2022 RideLondon Classique

Race details
- Dates: 27–29 May
- Stages: 3
- Distance: 363.4 km (225.8 mi)
- Winning time: 9h 10' 02"

Results
- Winner / Lorena Wiebes (NED) / (Team DSM)
- Second / Elisa Balsamo (ITA) / (Trek–Segafredo)
- Third / Emma Norsgaard (DEN) / (Movistar Team)
- Points / Lorena Wiebes (NED) / (Team DSM)
- Mountains / Anna Henderson (GBR) / (Team Jumbo–Visma)
- Young rider / Julia Borgström (SWE) / (AG Insurance–NXTG)
- Team / Valcar–Travel & Service

= 2022 RideLondon Classique =

The 2022 RideLondon Classique was the eighth edition of the RideLondon Classique, part of the UCI Women's World Tour. The race was part of the RideLondon cycling festival. The race took place from 27 to 29 May 2022. It was won by Dutch rider Lorena Wiebes, who also won all three stages.

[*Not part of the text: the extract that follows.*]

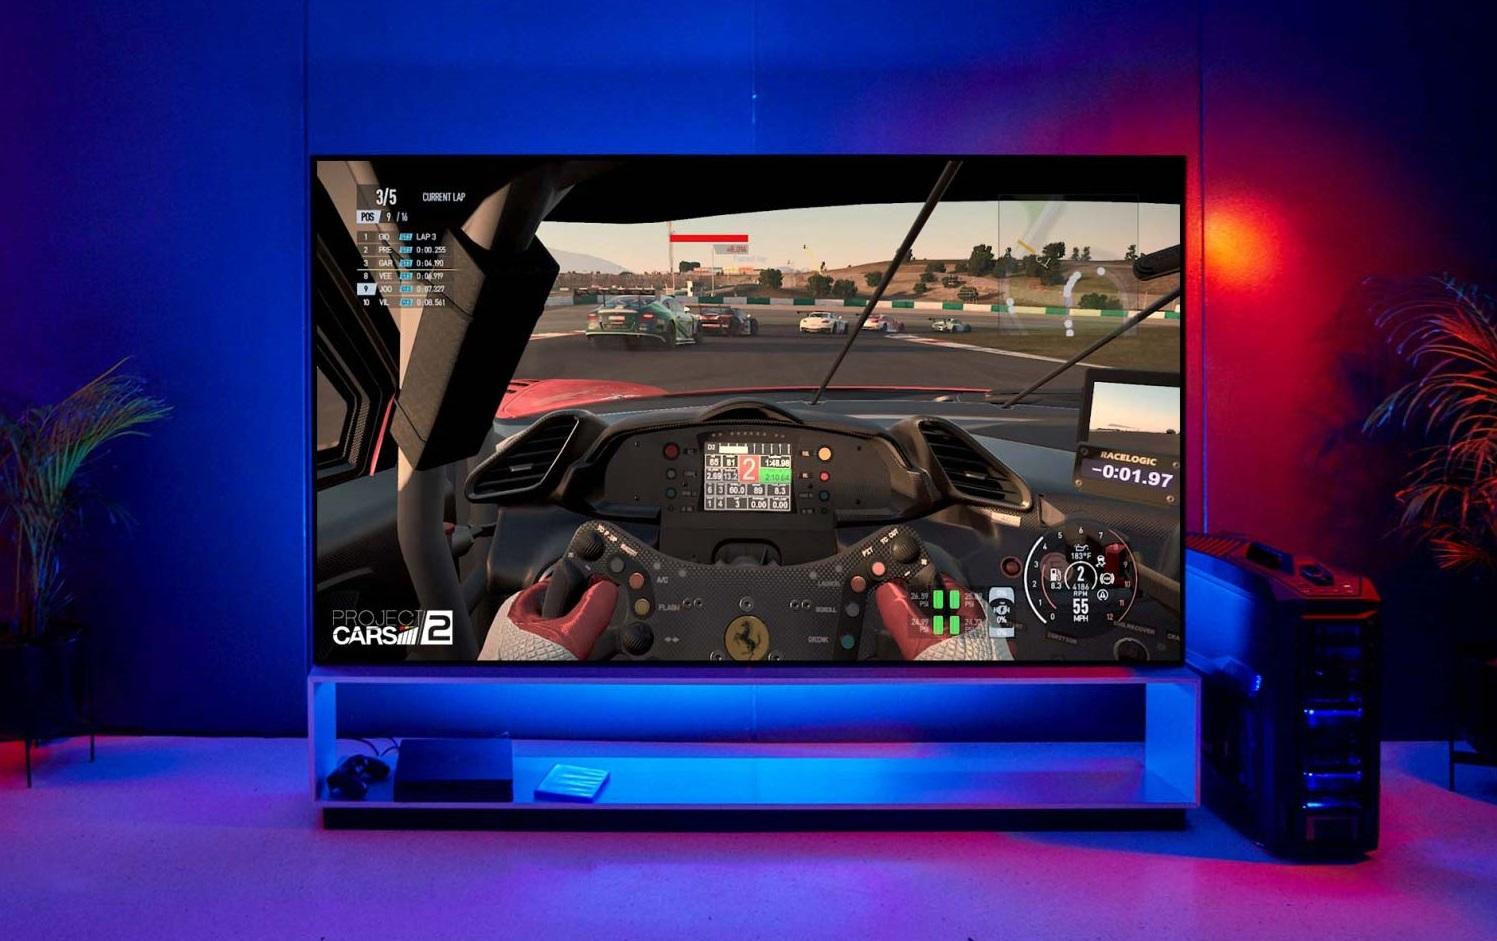 LGвыпустила вРоссии 88-дюймовый 8К-телевизор за2,5 млн рублей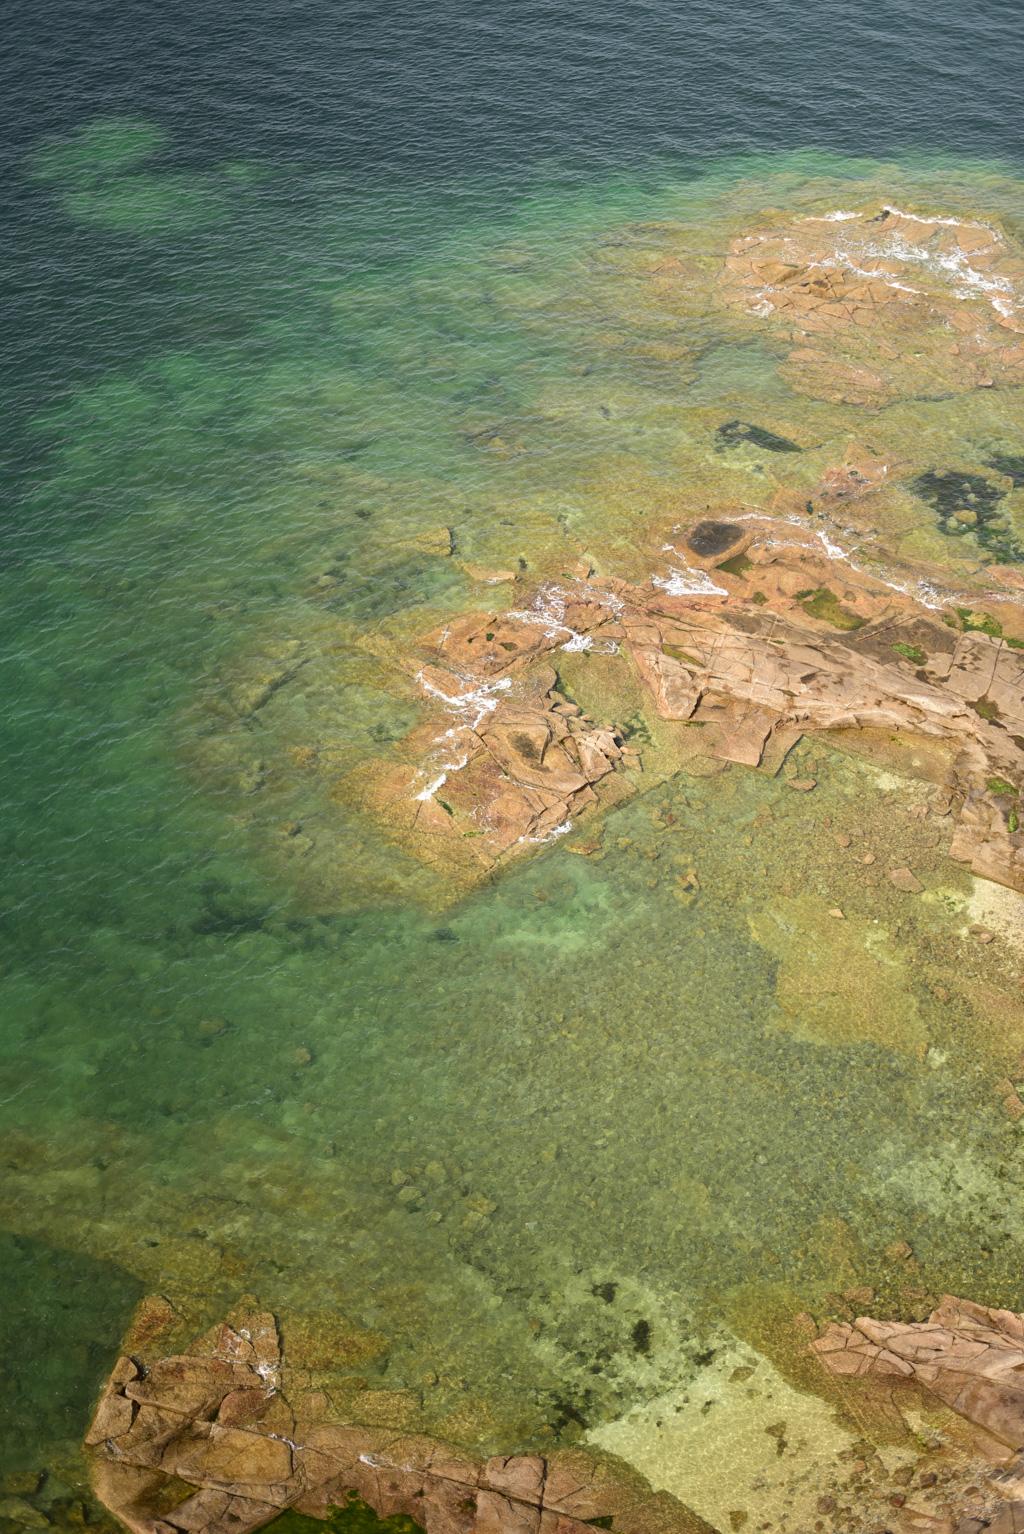 5 jours dans le cotentin, Agathe f photographie, plage, cotentin, normandie, photographie

It was the first time that the Classique took place over multiple days, having previously been a one-day race in central London. The Classique was last held in 2019, due to the COVID-19 pandemic.

Compared to previous editions of the Classique, there was a reduced prize pot of €60,000 spread out over the three stages.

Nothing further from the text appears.